Next, we will add positional bp annotations to genes and peaks to be able to match spatially proximal peaks to genes.

In [None]:
adata, adata_atac = get_gene_annotations(
    adata=adata,
    adata_atac=adata_atac,
    gtf_file_path=gtf_file_path)

In [None]:
# Display gene annotations
adata.var[["chrom", "chromStart", "chromEnd"]]

In [None]:
# Display peak annotations
adata_atac.var[["chrom", "chromStart", "chromEnd"]]

### 2.5 Add GP Mask to Data

In [None]:
# Add the GP dictionary as binary masks to the adata
add_gps_from_gp_dict_to_adata(
    gp_dict=combined_new_gp_dict,
    adata=adata,
    gp_targets_mask_key=gp_targets_mask_key,
    gp_targets_categories_mask_key=gp_targets_categories_mask_key,
    gp_sources_mask_key=gp_sources_mask_key,
    gp_sources_categories_mask_key=gp_sources_categories_mask_key,
    gp_names_key=gp_names_key,
    min_genes_per_gp=1,
    min_source_genes_per_gp=0,
    min_target_genes_per_gp=0,
    max_genes_per_gp=None,
    max_source_genes_per_gp=None,
    max_target_genes_per_gp=None,
    plot_gp_gene_count_distributions=True)

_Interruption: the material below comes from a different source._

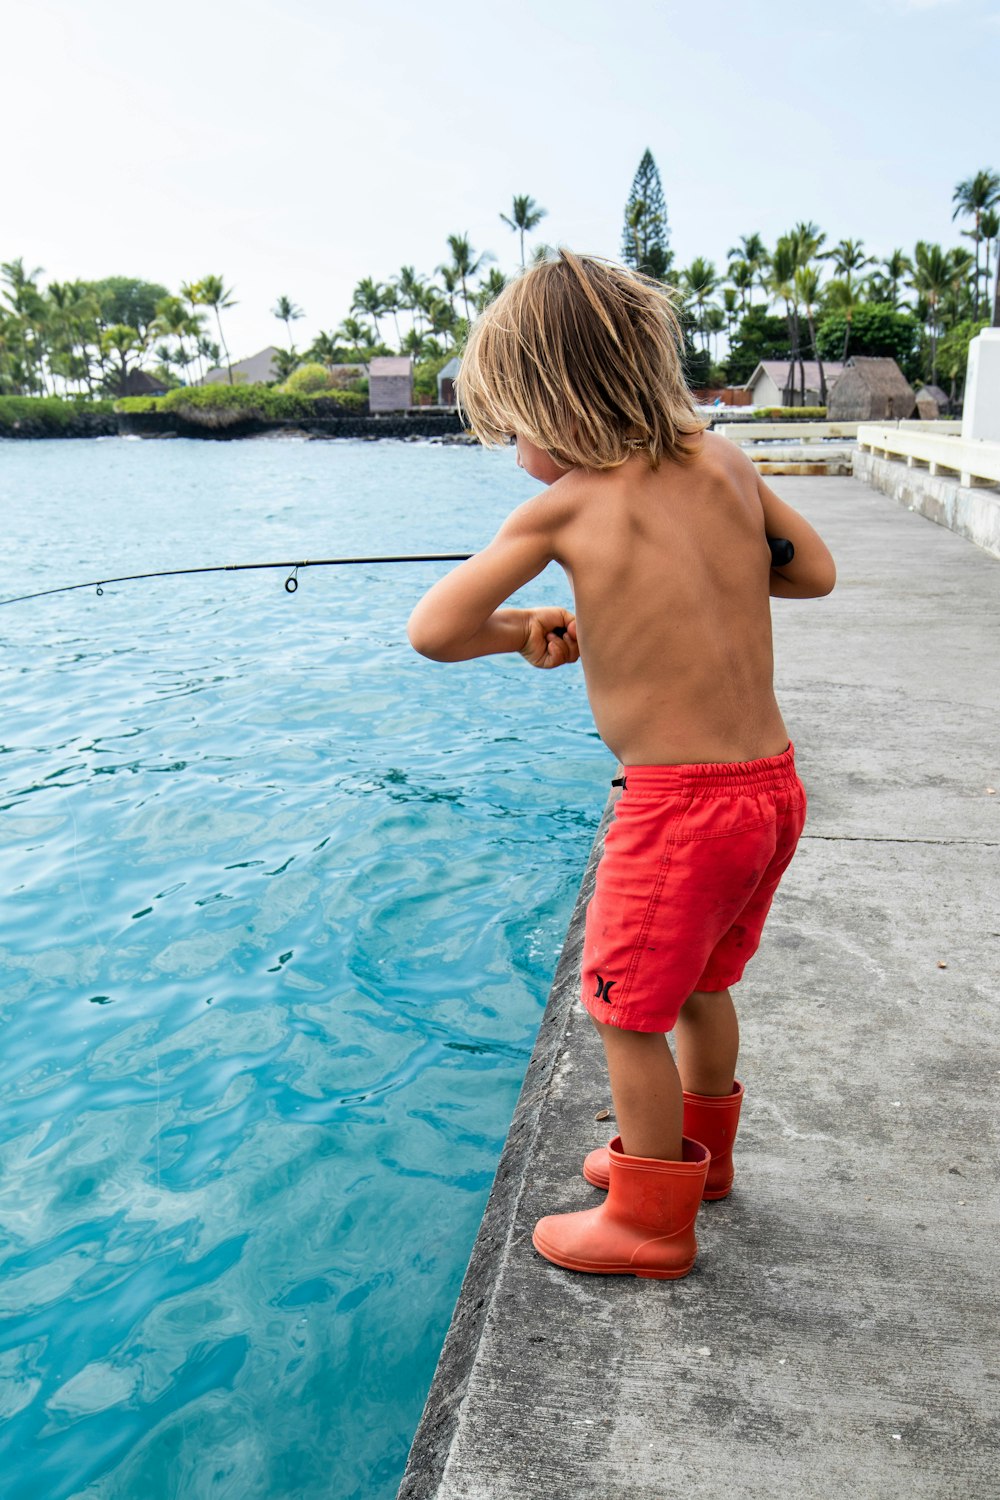 a young boy fishing in a pool of water

### 2.6 Add Chromatin Accessibility Mask to Data

Based on spatial proximity to the genes in the GP mask, we will add a chromatin accessibility mask.

In [None]:
gene_peak_mapping_dict = generate_multimodal_mapping_dict(
    adata=adata,
    adata_atac=adata_atac)

In [None]:
adata, adata_atac = add_multimodal_mask_to_adata(
    adata=adata,
    adata_atac=adata_atac,
    gene_peak_mapping_dict=gene_peak_mapping_dict)

print(f"Keeping {len(adata_atac.var_names)} peaks after filtering peaks with "
      "no matching genes in gp mask.")

### 2.7 Explore Data

In [None]:
rna_cluster_colors = create_new_color_dict(
    adata=adata,
    cat_key=rna_cluster_key)

atac_cluster_colors = create_new_color_dict(
    adata=adata,
    cat_key=atac_cluster_key)

In [None]:
print(f"Number of nodes (observations): {adata.layers['counts'].shape[0]}")
print(f"Number of gene node features: {adata.layers['counts'].shape[1]}")
print(f"Number of peak node features: {adata_atac.layers['counts'].shape[1]}")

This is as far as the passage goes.